Franklin School (Lexington, Massachusetts)

The Franklin School is a historic former school building at 7 Stedman Rd. in Lexington, Massachusetts. Built in 1931, it is the only school built by the town in the period of the Great Depression. The Georgian Revival structure was designed by architects Kilham, Hopkins & Greeley. It served as a public school until 1985, when it was converted to the Franklin School Apartments.[2] It was listed on the National Register of Historic Places in 2009.[1]

Franklin School
Location7 Stedman Rd., Lexington, Massachusetts
Coordinates42°25′51″N 71°13′45″W
Area3 acres (1.2 ha)
ArchitectKilham, Hopkins & Greeley
Architectural styleColonial Revival
NRHP reference #09000437[1]
Added to NRHPSeptember 25, 2009

Description and history

The former Franklin School is set on the east side of Stedman Road, a short road in a residential area of southern Lexington. The school stands at the front of a complex that includes five modern apartment buildings. It is a 2-1/2 story Georgian Revival structure, built out of load-bearing red brick, with a central section flanked on each side by matching 1-1/2 story wings. The roof of the main section is gambreled, with a center gable section that has an octagonal louvered opening at its center.

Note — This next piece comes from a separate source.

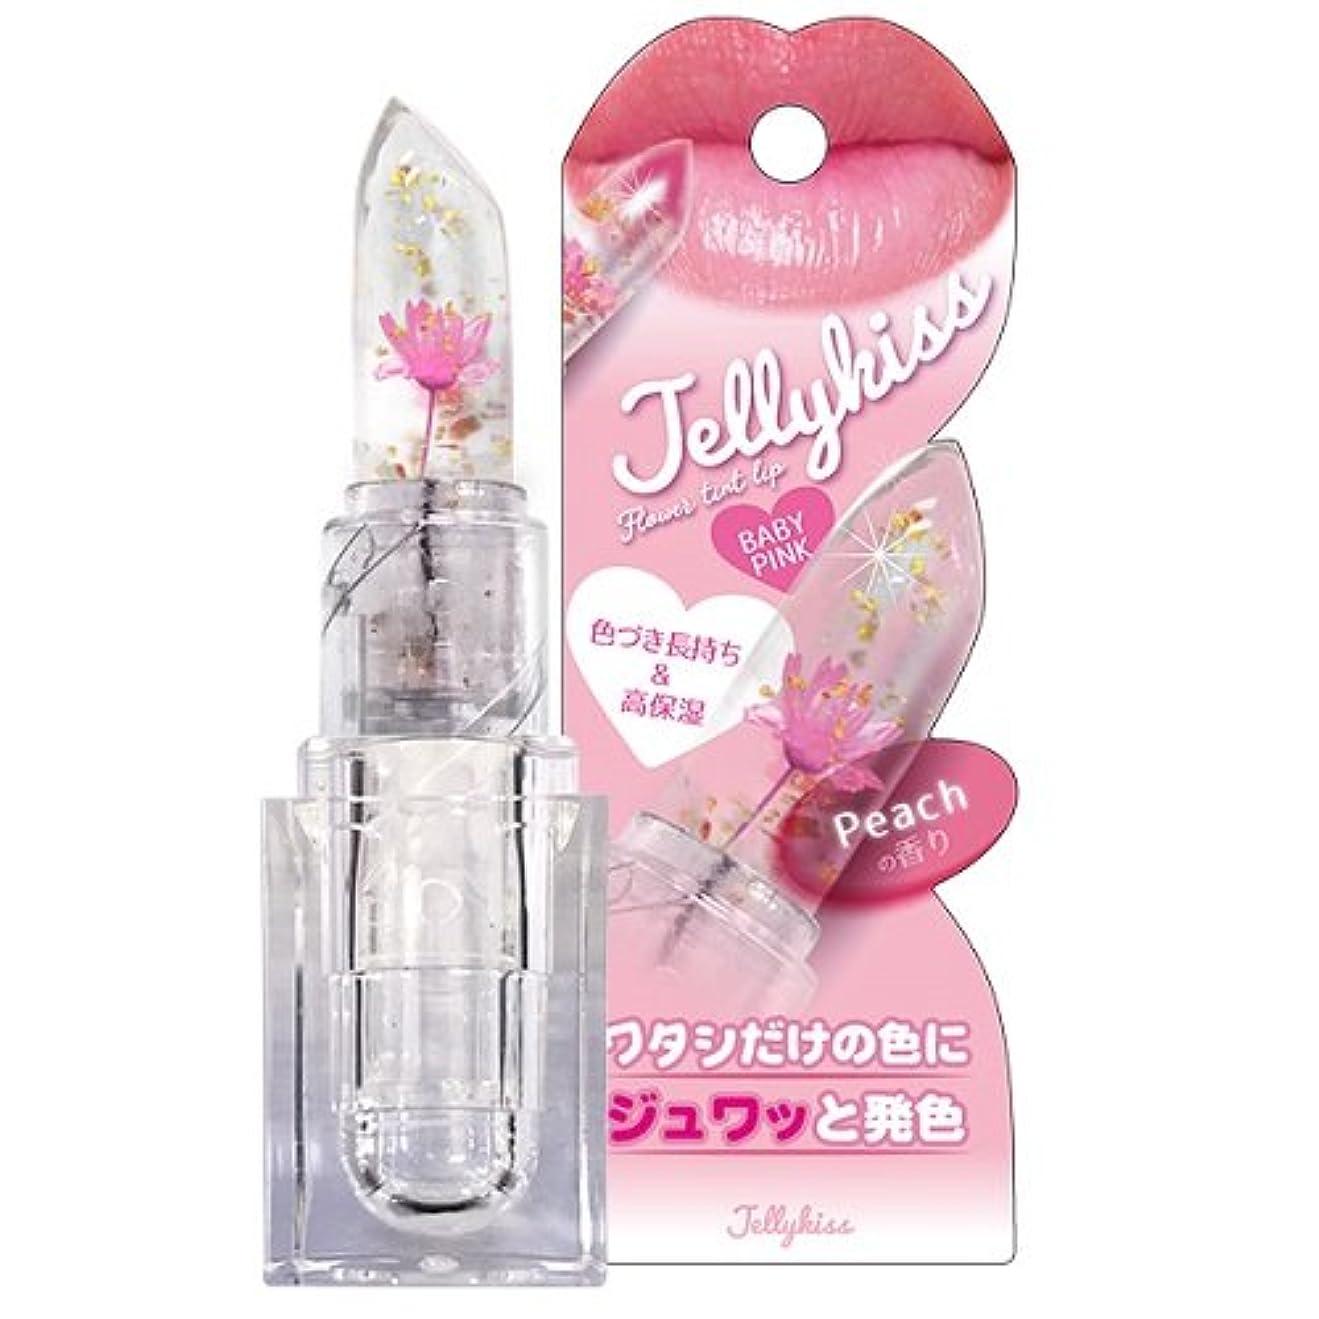 身元騒乱シーズンジェリキス (Jelly kiss) 03 ベビーピンク 3.5g

Windows on both levels are groups of sash, organized 5-4-5, separated by the piers that support the gable. The projecting wing sections have groups of three windows facing to the front. The basic layout of the school's interior has been retained despite its conversion into apartments, which have been carefully fitted into classroom, office, and other spaces, retaining the brick-walled hallways. In the basement the utility areas of the building retain their original function.[2]

The school was built in 1931, in response to growth in the town's population during the 1920s, and was one of the last major construction projects in the town until the 1960s. In 1958 additions were made to this school, but they were removed as part of its apartment conversion.[2]